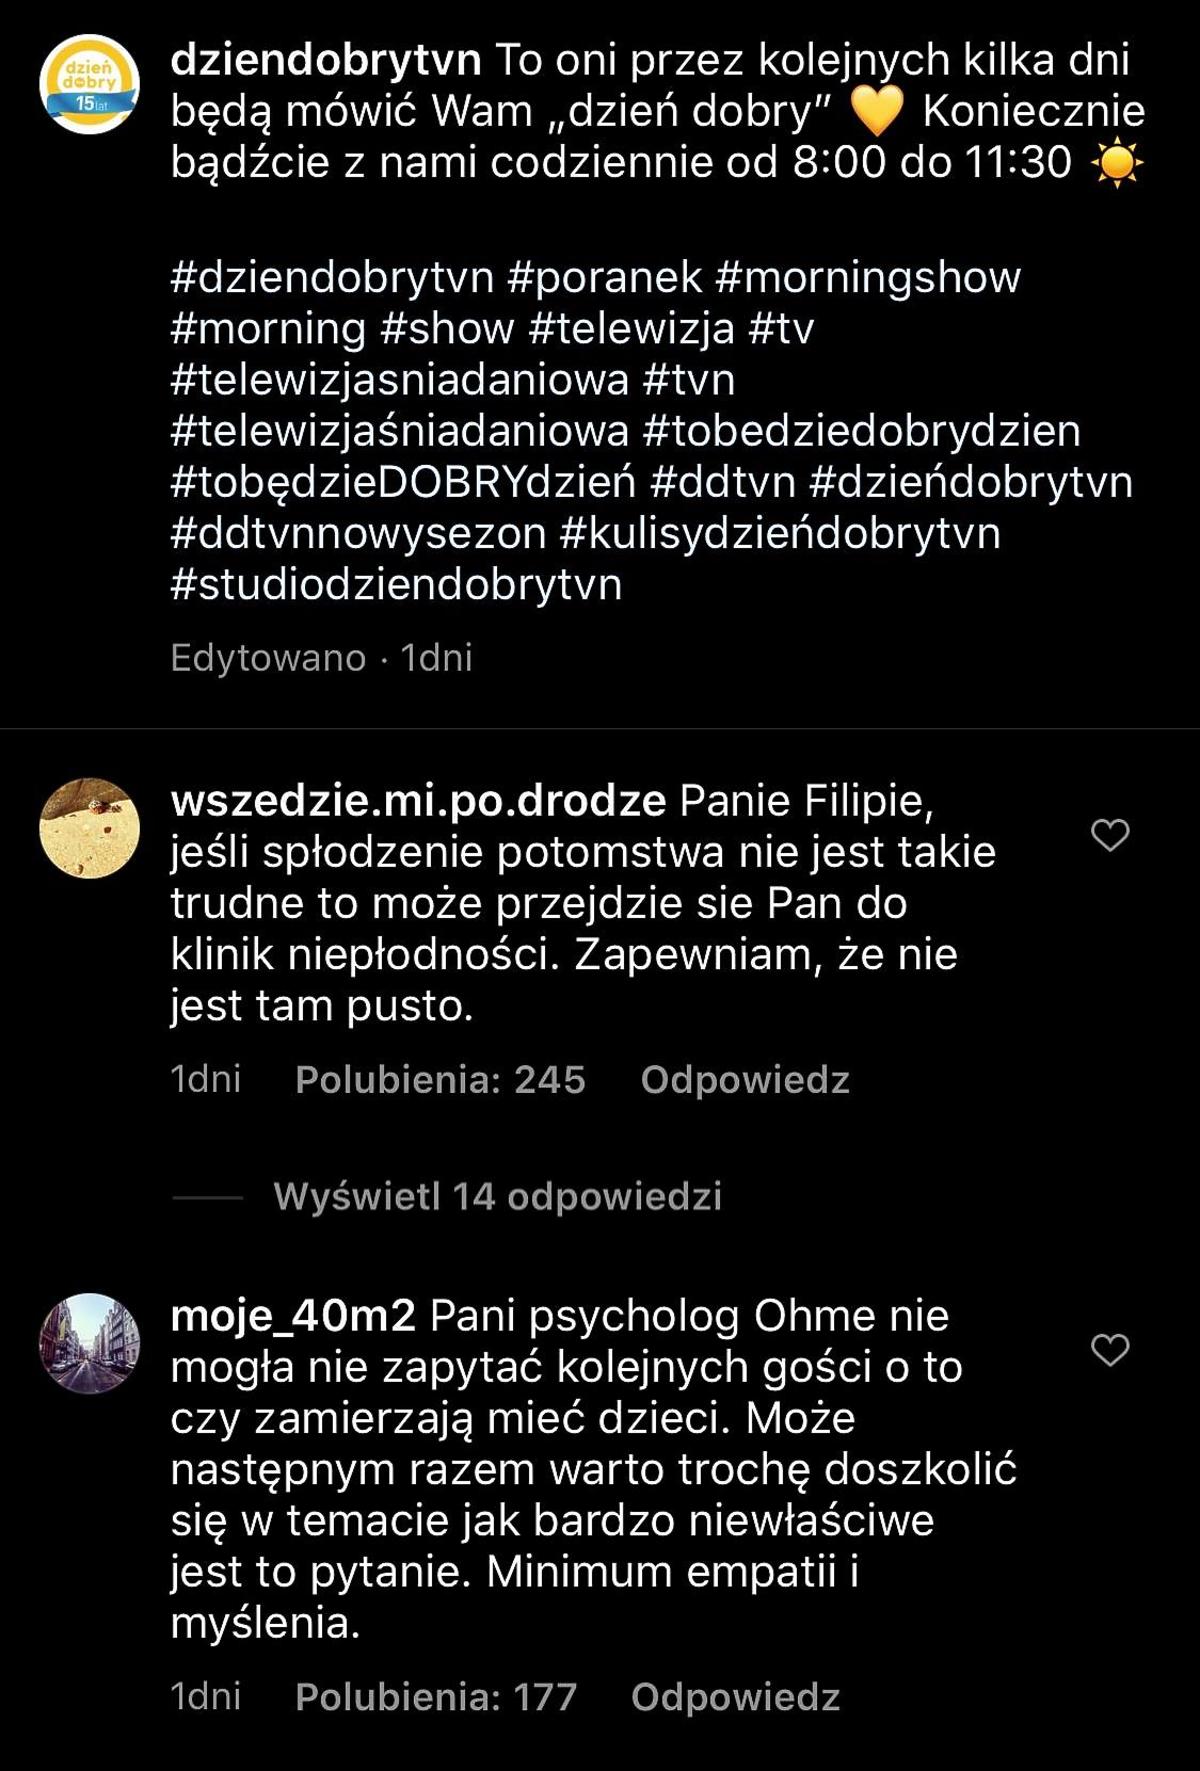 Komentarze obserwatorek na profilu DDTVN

...

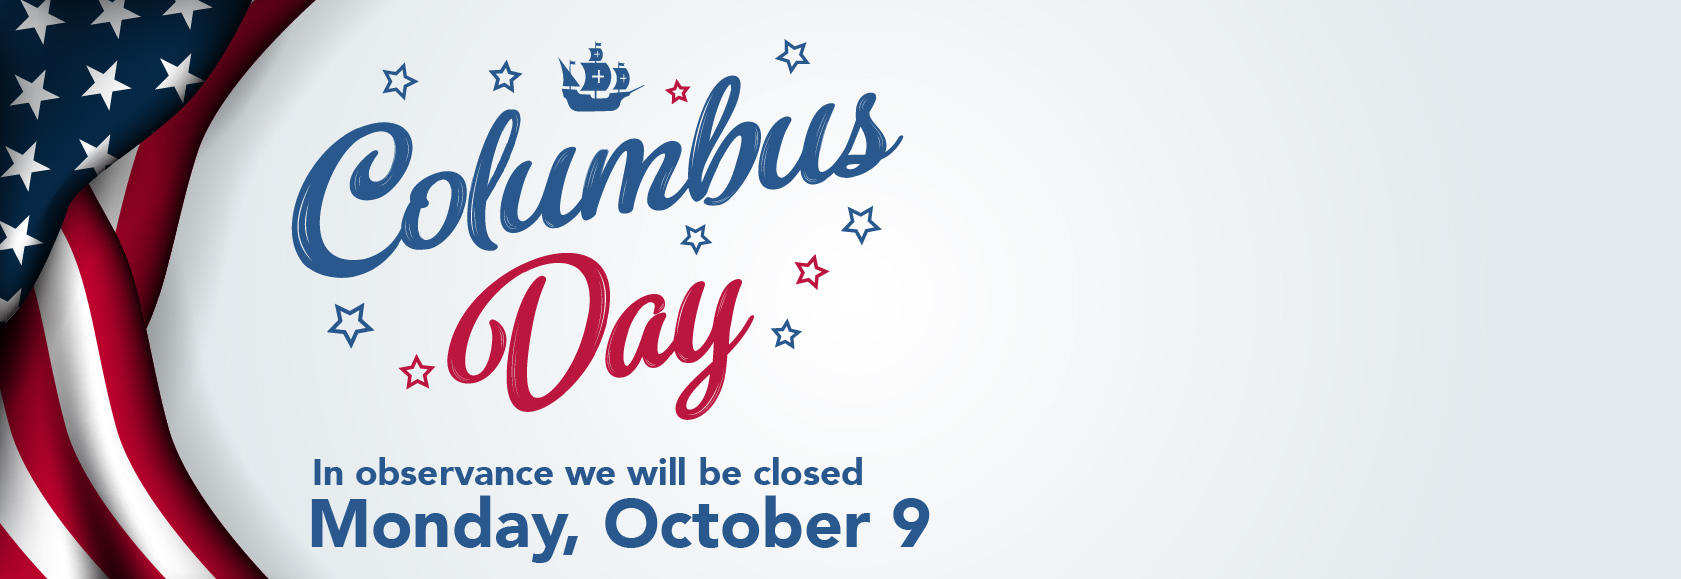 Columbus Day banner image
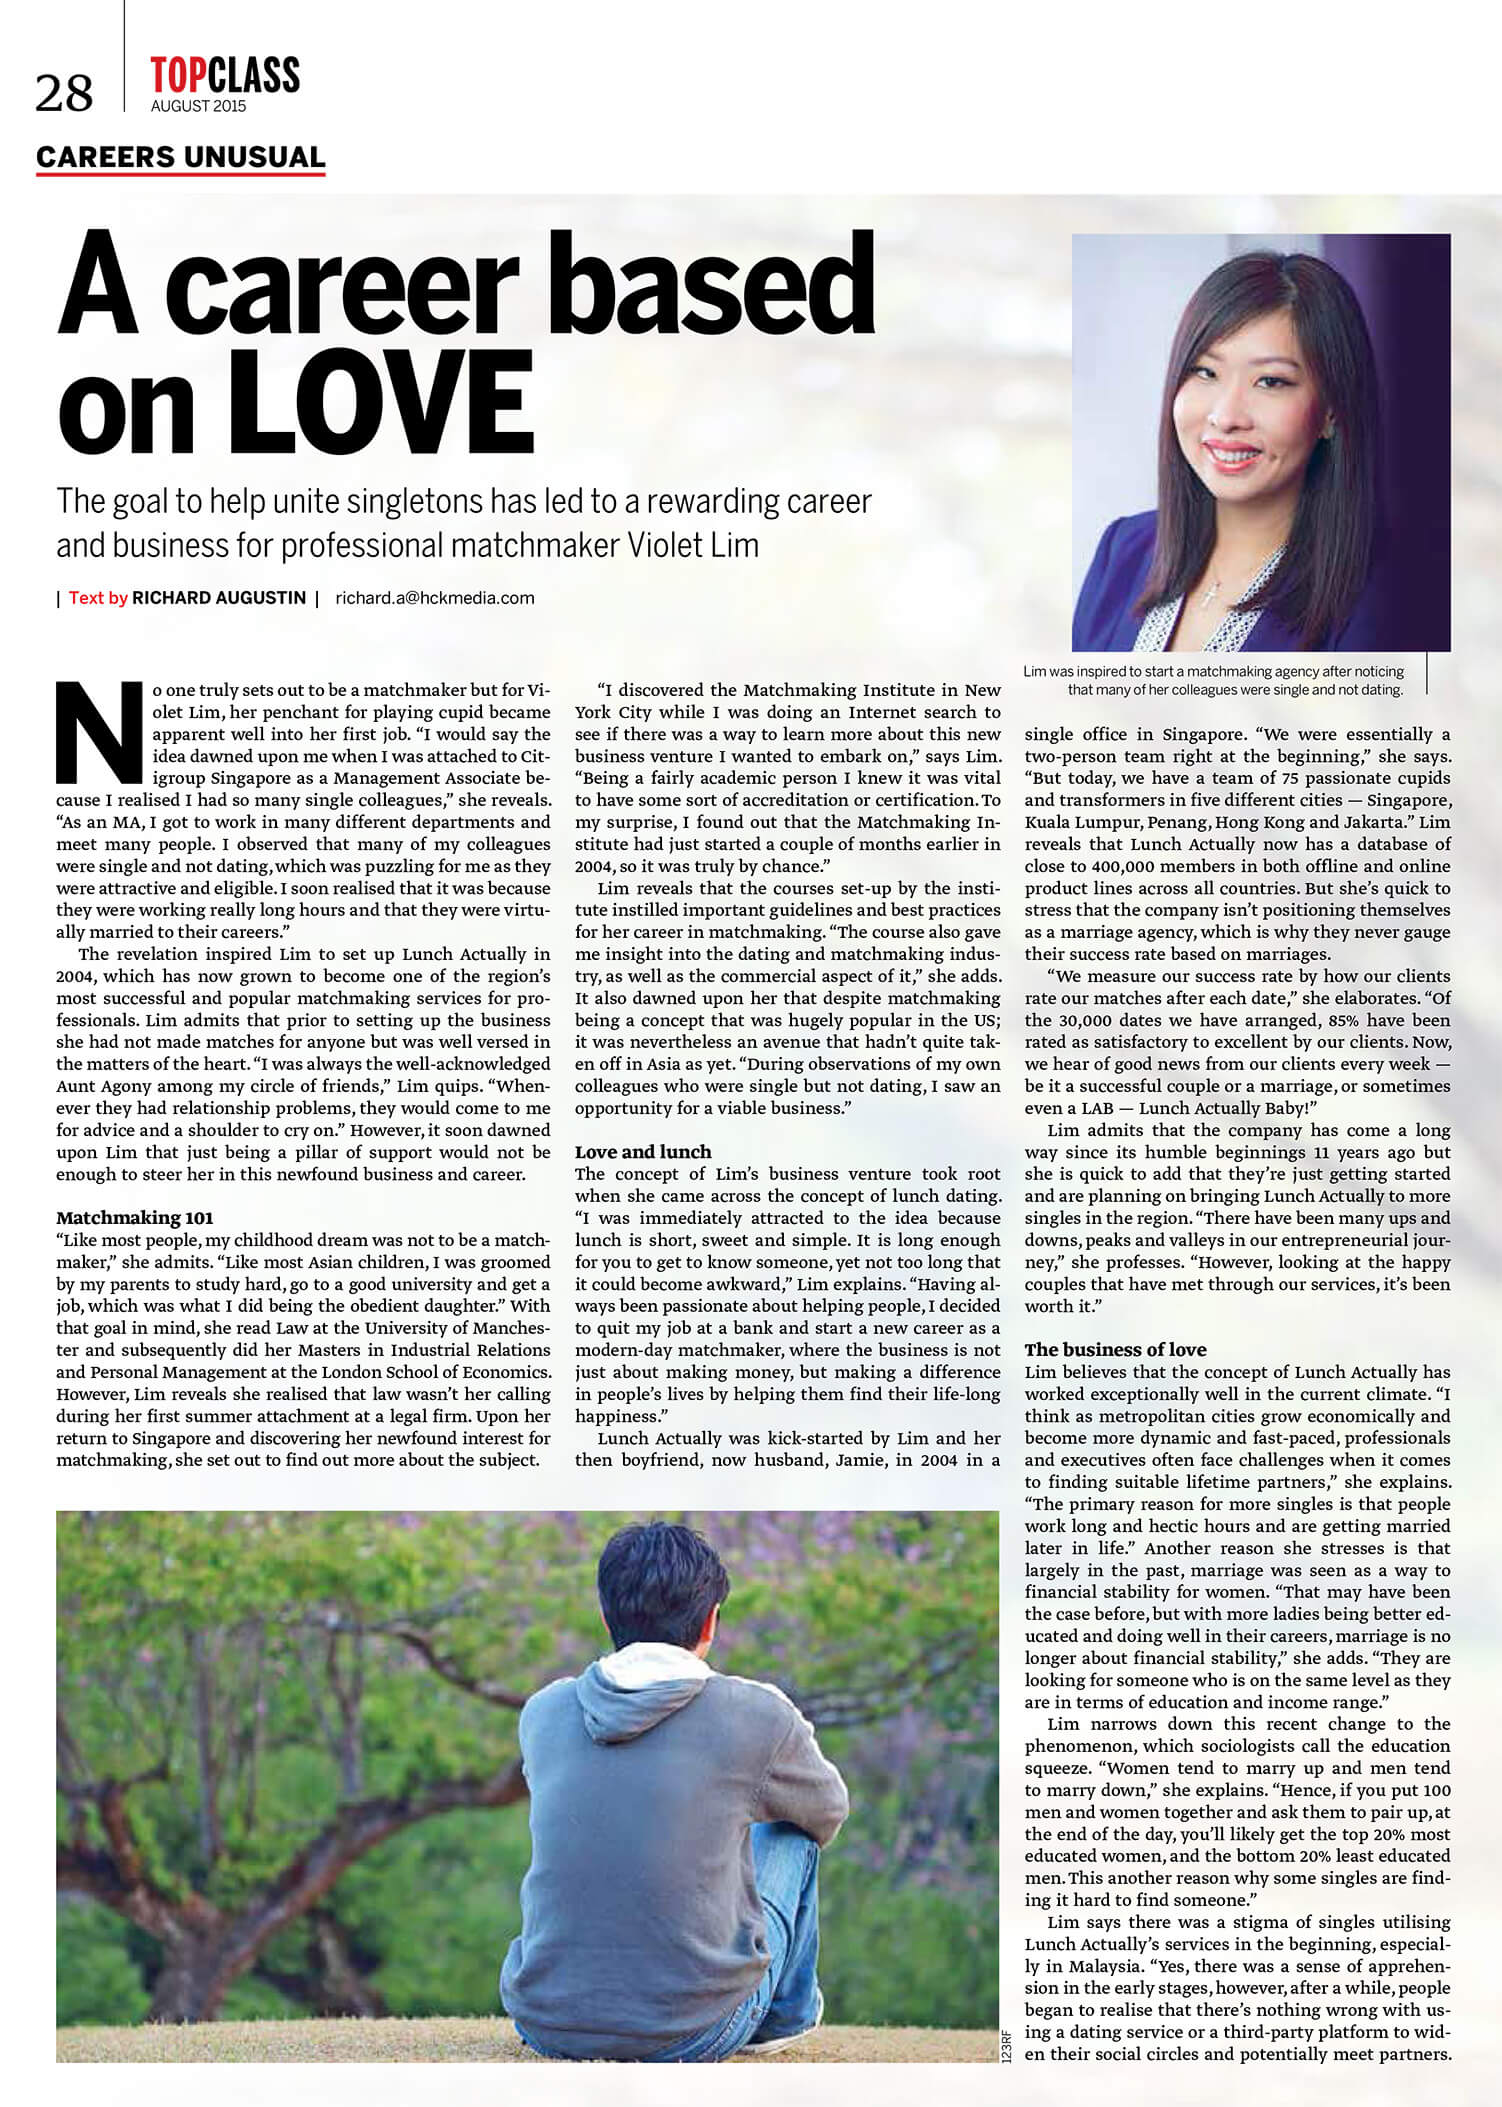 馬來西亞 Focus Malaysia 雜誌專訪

---

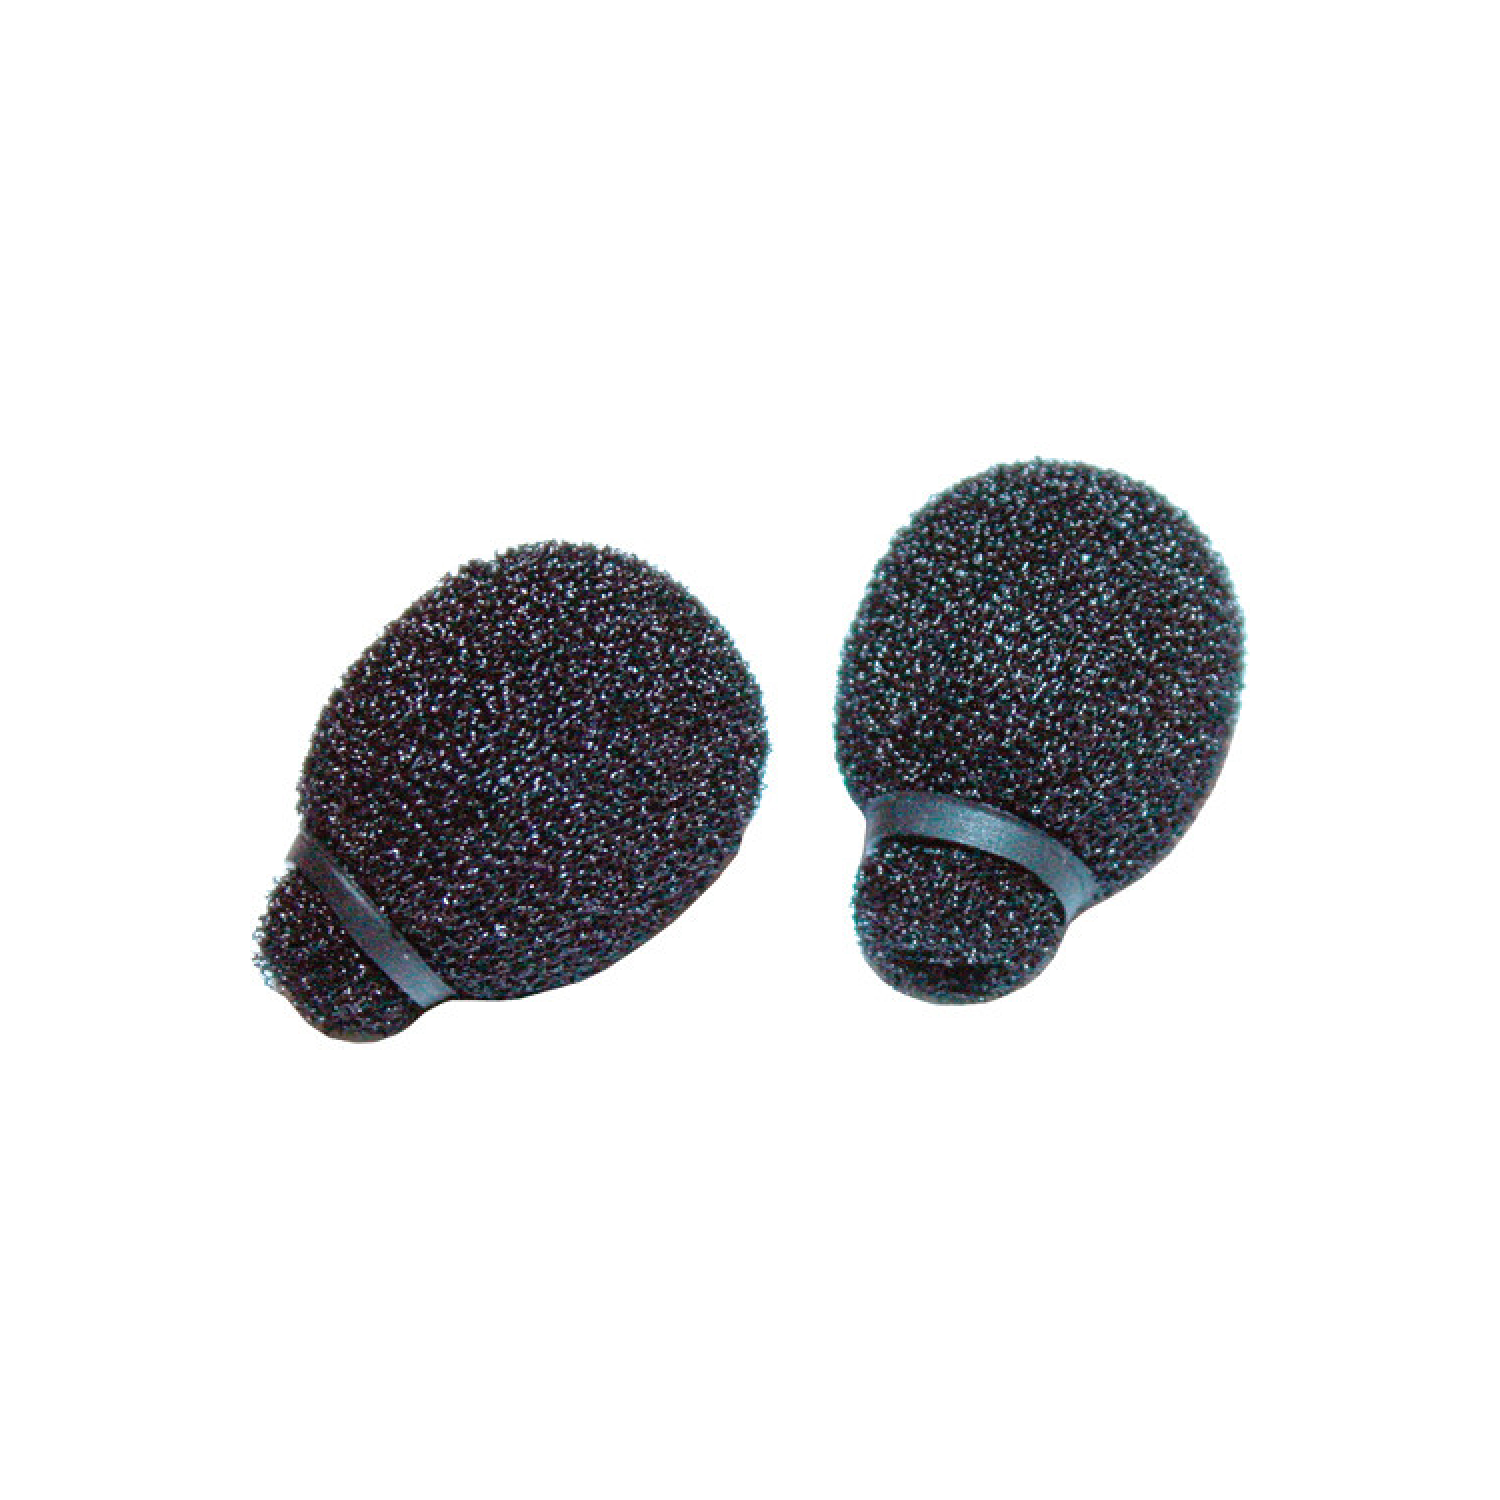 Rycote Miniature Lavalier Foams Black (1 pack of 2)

WHAT YOU WILL DO
Where a picture appears in the records above, omit it, and transcribe exactly the stretch of lines from the one with "Columbus Day banner image" through the one with "馬來西亞 Focus Malaysia 雜誌專訪".

ANSWER BOX
 Columbus Day banner image
 馬來西亞 Focus Malaysia 雜誌專訪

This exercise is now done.